How the Diocese of Rochester has maintained anti-slavery momentum despite the pandemic

6th May 2021 | Diocese

Since the Pandemic kicked in, the team in Rochester has had to constantly pivot – sometimes changing focus, other times evolving initiatives to meet emerging needs and Government guidelines.

The Clewer Initiative

Caroline Clarke is the Community Engagement Social Action Team Lead for the Diocese of Rochester.

Over the last seven years, she has worked tirelessly to link churches, communities, agencies, local authorities, and volunteers together to meet local needs for the common good and enable communities to flourish.

Since the Pandemic kicked in, the team in Rochester has had to constantly pivot – sometimes changing focus, other times evolving initiatives to meet emerging needs and Government guidelines. We interviewed her about her experience over the last year.

What does your role entail?

It is mainly about working in partnership with church volunteers, agencies, and local authorities to enable the church to be Jesus’ hands and feet in our communities. We aim to support churches as they share their love, concern and skills in a way that helps communities to thrive. The church is great in bringing people together. My role is also about helping volunteers provide support for the most disadvantaged in our communities and seeking to bring change in society. I work closely with The Clewer Initiative and GLAA to enable our Anti-Slavery Teams to provide training on how to spot signs of modern slavery and get involved in supporting victims.

How did the Covid Pandemic affect your work?

Initially, lots of the work we were involved with had to adapt or stop but quite quickly we began to spot new opportunities. At the start of 2020, we had two teams who were in the process of completing training with The Clewer Initiative and GLAA. They were really engaged and committed to the cause so when Covid hit, we simply moved the training on to zoom.
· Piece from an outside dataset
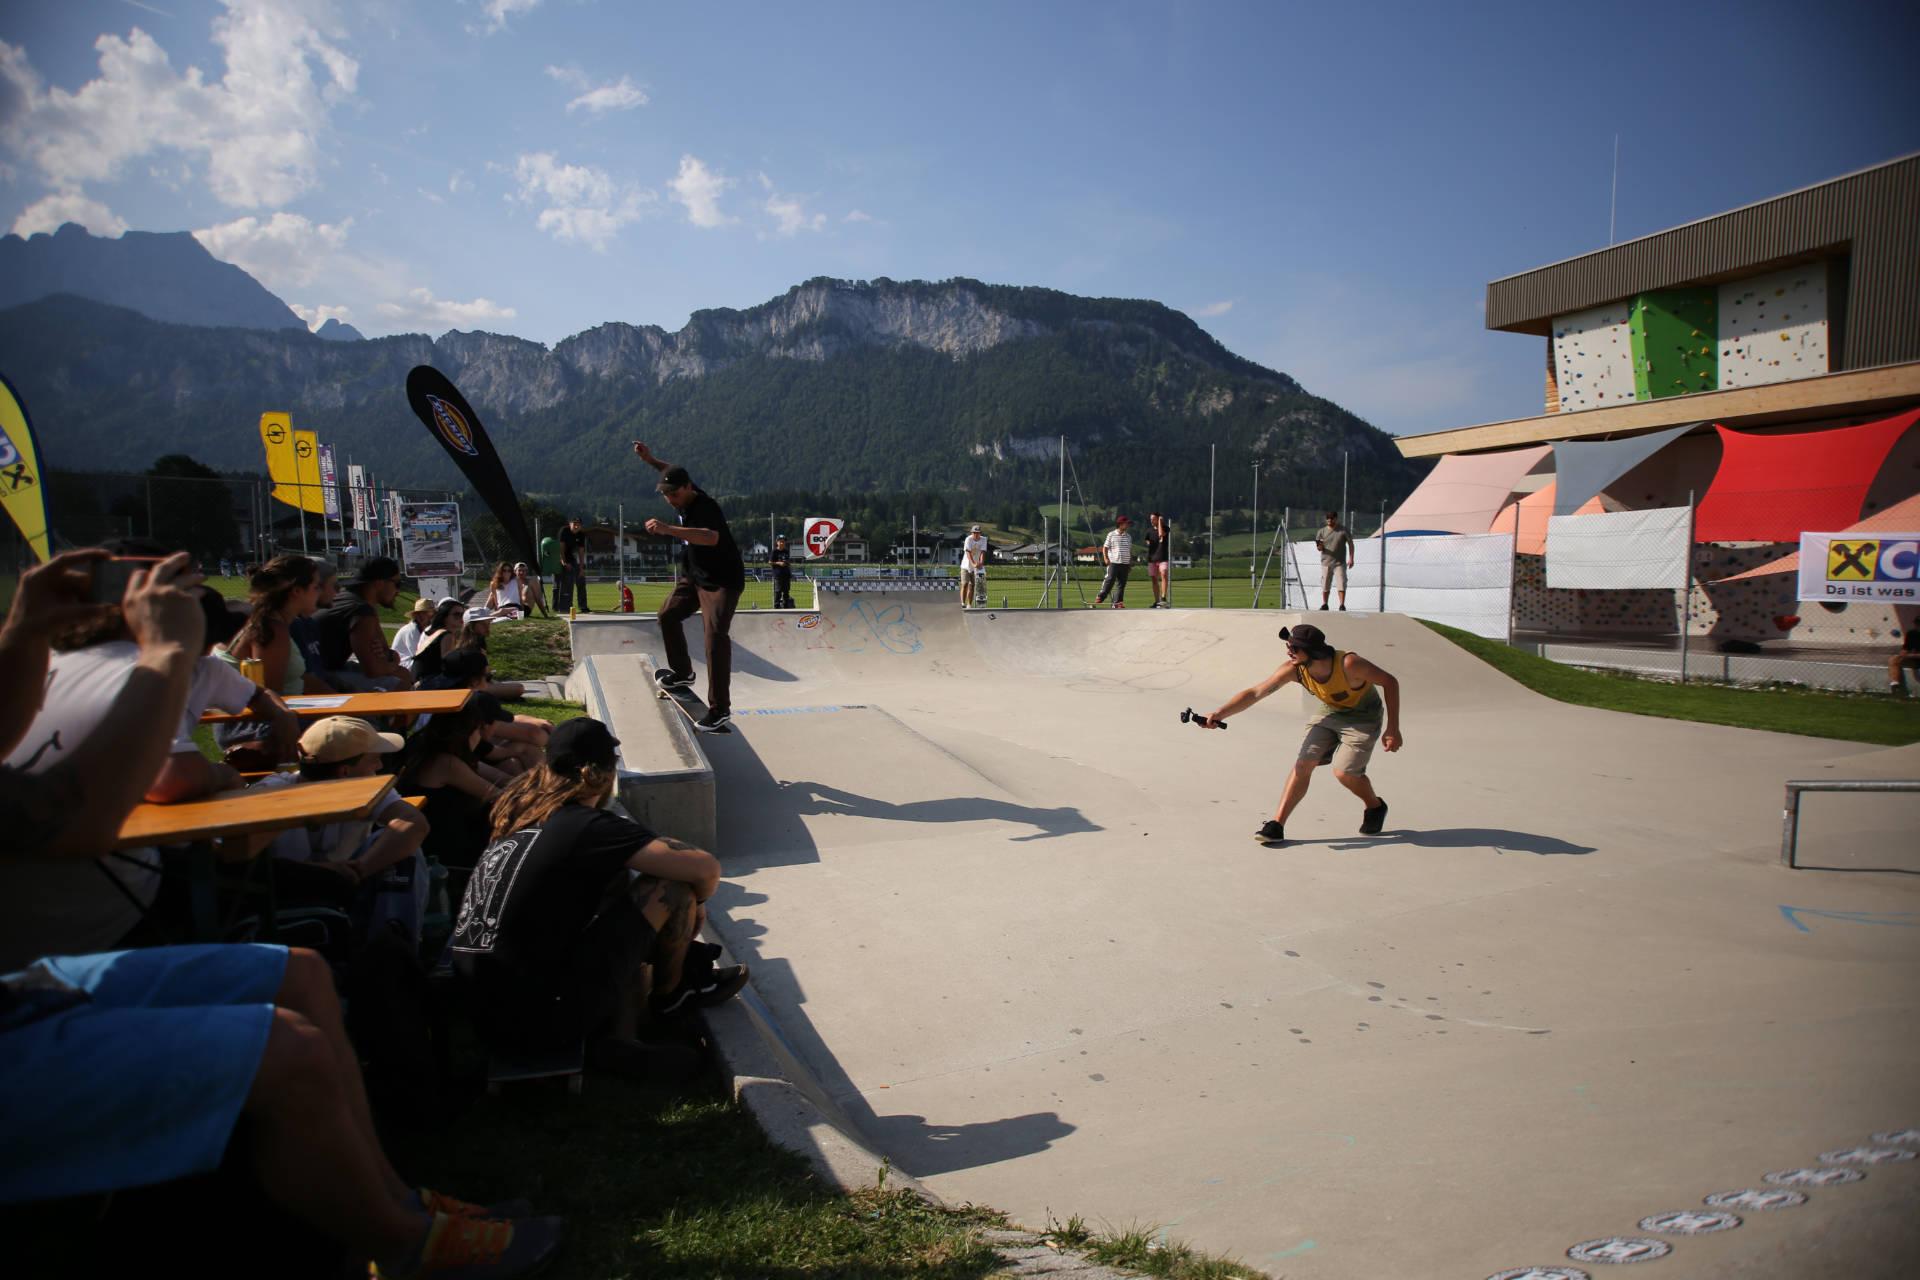 skateboardheadz st johann in tirol kgt 2019 finale 00149

During the first lockdown, the team of volunteers liaised with the Police and helped to connect known victims and vulnerable people with local food banks. Some of our night shelters became hostels and others made cooked meals for homeless people who had been provided accommodation by the local authority. We also kept writing our regular newsletters to inform our network about activity taking place and prioritised our volunteer training. One of our modern slavery champions even started a new blog -

During the lockdowns, as the Government guidelines were published, some of our community hubs were able to become ‘closed support groups’ and provide support for the most vulnerable, in a Covid-secure way. This required lots of flexibility and a willingness to change and adapt.
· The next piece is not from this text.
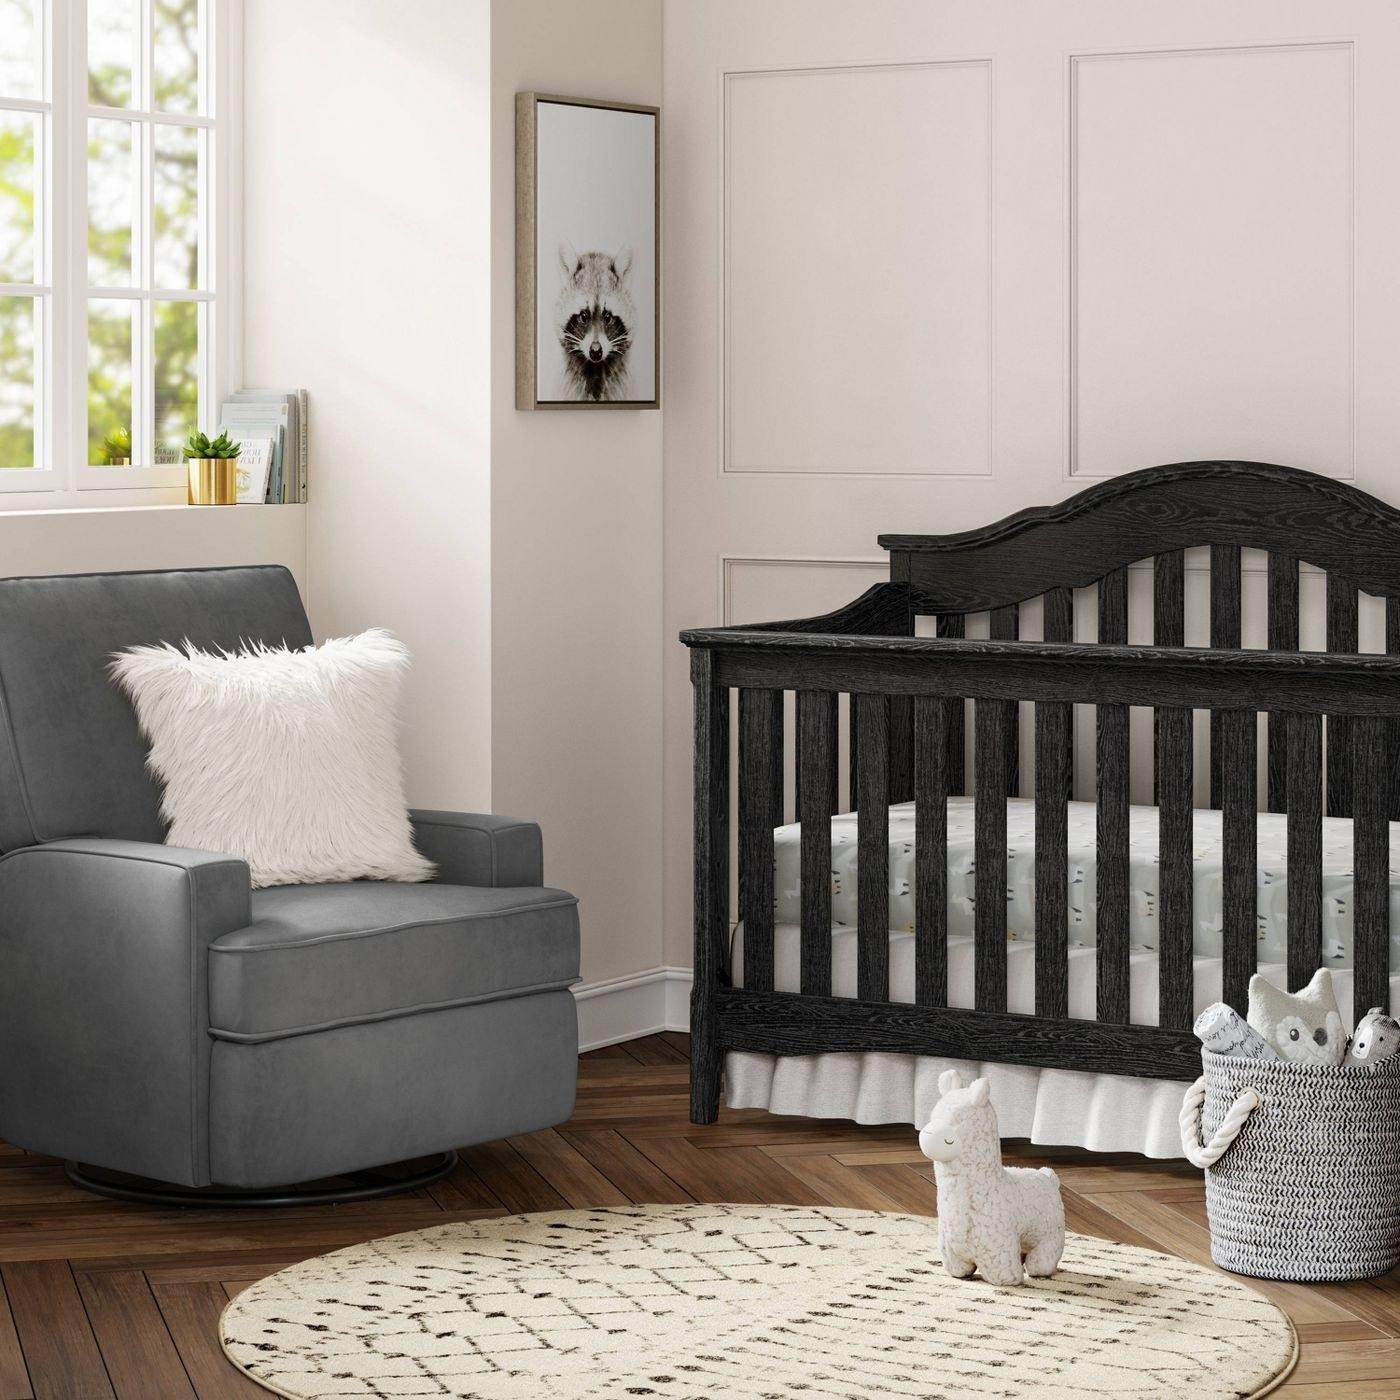 A grey chair in a nursery

I try to look for the blessed silver linings in a situation and believe the opportunity to upskill our volunteers has been a real positive in 2020/2021. As health professionals began talking about the mental health tsunami that was brewing because of the lockdown, we decided to act and provide bespoke training for our volunteers. We established a partnership with MIND and offered our volunteers access to the England Mental Health First Aid Certificate course. Since November 2020, 113 clergy and volunteers have qualified as Mental Health First Aiders and we think this extra support and training will be vital when more of our face-to-face work can resume. Our volunteers are the backbone of everything we do, and they need to be able to support people with poor mental health and signpost them to the right support.

In the last few months, we have developed this further by offering bereavement training to our volunteers. We want to equip them to support the many people who have recently experienced loss. So far, 36 people have attended the bereavement training. While none of these courses focus explicitly on modern slavery, we know that many victims struggle with poor mental health and feelings of loss, and we believe that the training will prove invaluable as projects reopen.

What would you say to someone who is feel daunted about re-engaging volunteers and getting action established again?

We have focused on finding and training up people in our Diocese who are passionate about eradicating modern slavery and empowering them to pioneer action. To formalise this and show what a priority it is, we commissioned 22 modern slavery champions at a special service at the Cathedral in 2018.

There are other small things you can do that can create momentum. For example, get a bundle of The Clewer Initiative’s leaflets and posters delivered to every church. Alternatively, you can invite the GLAA to give a talk on labour exploitation and what to do if you suspect someone is being exploited. Working with other organisations to put on an event is a brilliant way to kickstart an awareness raising campaign.

Over the last year, many people have come forward to volunteer on projects but as some of those opportunities close, they might be looking for new roles. It is a great time to get in touch with your network and find out who has capacity.

What has been difficult about sustaining things this year?

Understandably, many people’s thoughts have turned inwards and focused on their own survival. Many volunteers have been shielding or became heavily involved in the massive move of the local church onto zoom, which has been very successful in supporting hundreds of people.

Despite all that we have faced this year, we have got through it together. We have prayed lots and our volunteers have been amazing.

I think once you know the facts about modern slavery, it is hard to turn a blind eye. The suffering of victims is so extreme that you feel compelled to do something as your actions could save a life. That is why we are passionate about passing on the facts about modern slavery. We trust that as we do so people will naturally be horrified and want to know what they can do to join the fight.